The Dispute Over Work Papers for PRC Based Issuers May be About to End
The resolution of a long standing dispute between the SEC, the PCAOB and the China Securities Regulatory Commission or CSRC over the availability of audit work papers which has spawned three pending actions may be about to end. While the Sarbanes-Oxley Act requires auditors registered with the Board to turn over audit work papers on request from the Commission or the PCAOB, audit firms based in China have declined based on the position of the CSRC. Now, according to a report from Thomsonreuters, the work papers are being produced under a recent agreement between the CSRC and the PCAOB. Soyoung Ho, “Chinese Are Prepared to Hand Over More Auditor Papers,” Thomsonreuters (Aug. 2, 2013). This could signal an end to the dispute and the litigation.
Presently, the SEC is litigating three actions against five PRC based audit firms centered on their failure to produce audit work papers. The most recent was filed in December 2012 against the affiliates of five major accounting firms based in the Peoples Republic of China. In the Matter of BDO China Dahua CPA Co., Ltd., Adm. Proc. File No. 3-15116 (Dec. 3, 2012). The Order names as Respondents: BDO China, Ernst & Young Hau Ming LLP, KPMG Huazhen (Special General Partnership), Deloitte Touche Tohmatsu Certified Public Accountants Ltd. and PricewaterhouseCoopers Zhong Tian CPAs Ltd.
The proceeding is based on Rule 102(e)(1)(iii) which permits the Commission to sanction any person found to have willfully violated or aided and abetted the violation of the Federal securities laws. The Order alleges that the provision was violated by each Respondent since it failed to comply with Section 106 of the Sarbanes-Oxley Act of 2002, as amended by the Dodd-Frank Act, which requires PCAOB registered firms to produce audit work papers pursuant to a Board or SEC request.
A similar proceeding had been instituted against the Deloitte PRC affiliate earlier. In the Matter of Deloitte Touche Tohmatsu Certified Public Accountants Ltd., Adm. Proc. File No. 3-14872 (May 9, 2012). That same firm is also a defendant in a subpoena enforcement action brought by the Commission on essentially the same basis. SEC v. Deloitte Touche Tohmatsu CPA, Ltd., File No. 1:11-MC-00512 (D.D.C. Filed Sept. 8, 2011).
Last month a resolution of these actions appeared eminent. The PCAOB, the China Securities Regulatory Commission and the Ministry of Finance in China executed a Memorandum of Understanding on Enforcement Cooperation.
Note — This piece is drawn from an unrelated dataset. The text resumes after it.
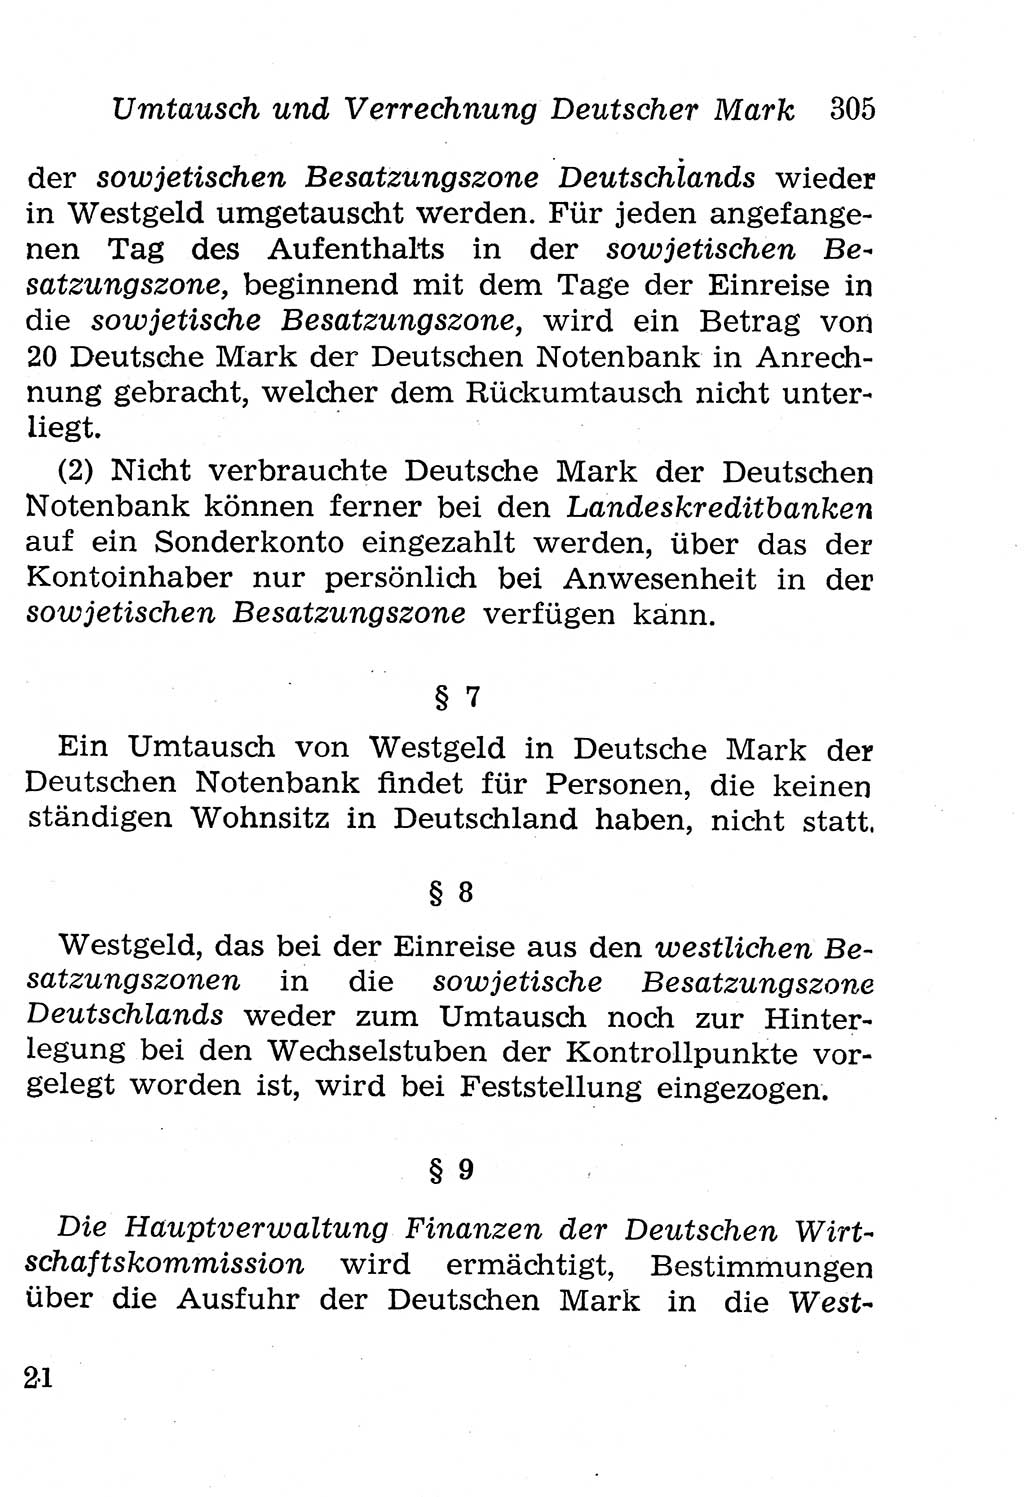 Strafgesetzbuch (StGB) und andere Strafgesetze [Deutsche Demokratische Republik (DDR)] 1958, Seite 305 (StGB Strafges. DDR 1958, S. 305)

The agreement provides for the exchange of certain materials on request to assist in the enforcement matters. In the MOU the parties pledged the “fullest assistance permissible to secure compliance with the respective Laws and Regulations of the Authorities.” Under the MOU audit work papers are to be made available.
Recently, the work papers for Longtop, the Deloitte Touche Tohmatsu client in the subpoena enforcement action, were furnished to the Commission staff under the agreement. Other work papers are about to be produced, according to the Thomsonreuters report. Nevertheless, the Enforcement Division has continued to litigate the actions. Indeed, the hearing in the proceeding against the five firms was recently completed. Apparently the record in that action has been held open to furnish the Judge with information future developments however.
The production of the work papers in the subpoena enforcement action would effectively moot that proceeding. While the production of the work papers may not cure the violations in the two administrative proceedings, it should certainly have a significant impact on the resolution of those matters. Indeed, if the agreement between the PCAOB and the CSRC is effective, it would not seem to be in the interest of the SEC to bar the affiliates of the five largest international accounting firms from practicing before the agency if the goal is to ensure quality audits of PRC based companies. Accordingly, the long running dispute over audit work papers for PRC based issuers may well be about to come to an end.